Assagioli on Bio-Psychosynthesis, Self-Realization, and the Goals of Psychosynthetic Therapy
By Roberto Assagioli
Lecture Manuscript (post-1966)
Doc. #23763, 23764, 23765 – Assagioli Archive, Florence [1]
Original title: Principi informatori e risultati della terapia psicosintetica
Translated and Edited With Notes by Jan Kuniholm
Editorial Note:
The abstract, contextual subtitle, and cross-sections have been added for clarity and navigation. The original wording, sequence, and structure of the text have been preserved. No conceptual edits have been made to the author’s original writing.
Abstract
In this undated but post-1966 lecture manuscript, Roberto Assagioli presents a systematic account of the distinguishing principles of psychosynthetic therapy and the therapeutic outcomes he observed in his clinical work. The text is structured in two parts. The first articulates seven foundational criteria of psychosynthetic therapy — including the integration of the body (bio-psychosynthesis), the constructive use of all psychic energies, the awakening of superconscious and transpersonal forces, self-realization and identification with the Self, the therapeutic relationship, the patient’s active cooperation, and the harmonization of social and interpersonal life. The second part describes the existential and clinical results of this integral approach, ranging from the resolution of psychosomatic disorders and phobias to profound shifts in a patient’s orientation toward life, meaning, and consciousness. Together, the two sections offer a concise but comprehensive statement of psychosynthesis as both a therapeutic and developmental system — one that encompasses personal integration, transpersonal awakening, and a vision of human flourishing that extends into education and social life.

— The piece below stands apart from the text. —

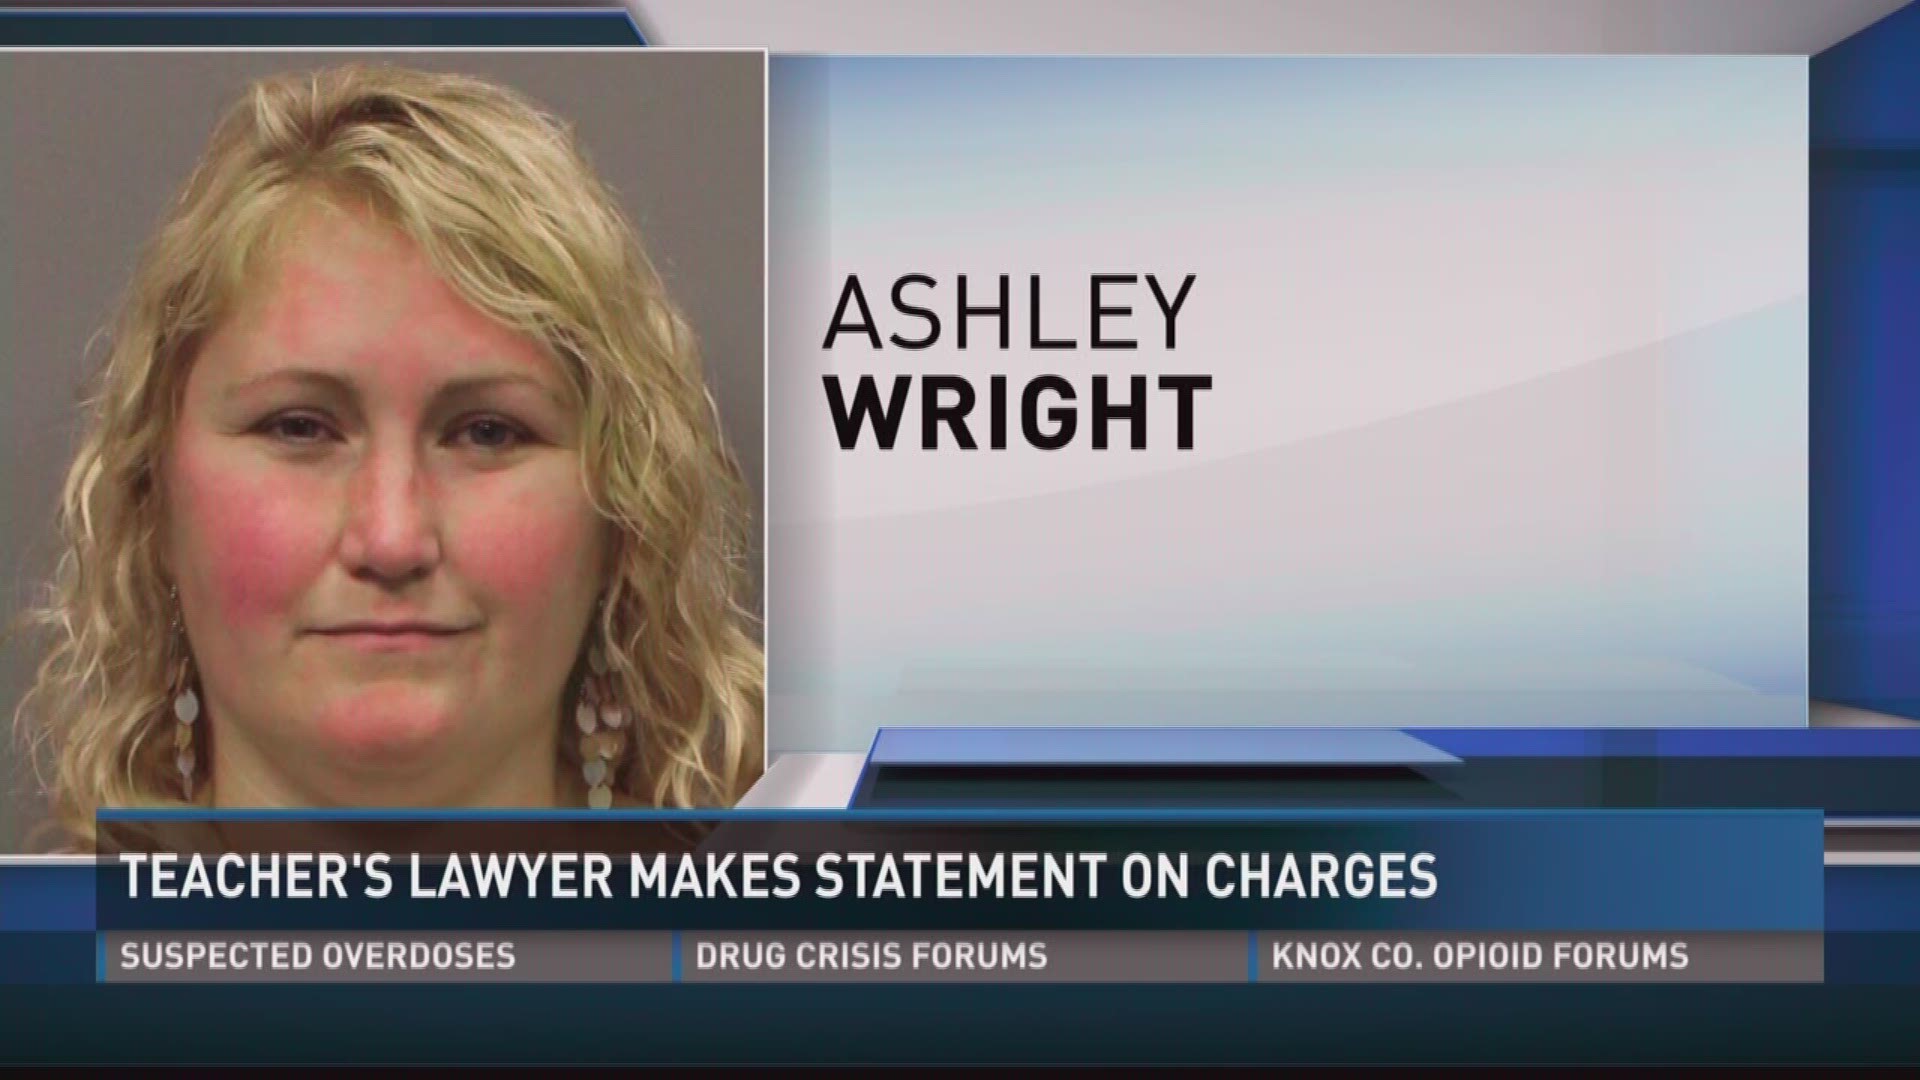 Sept. 27, 2017: The attorney for a Knox County teacher charged with identity theft says the allegations do not "relate in any way to her duties as a teacher."

Bio-Psychosynthesis and the Integration of the Body
PRINCIPLES
The criteria that characterize psychosynthetic therapy and distinguish it, in a certain way, from other psychological and psychotherapeutic concepts are implicit in the previous general exposition and can be easily recognized. They also stand out clearly from the comparison between psychosynthetic therapy and Jungian therapy presented in the lectures on Jung and Psychosynthesis. (see the first three lectures of the 1966 Course) [2]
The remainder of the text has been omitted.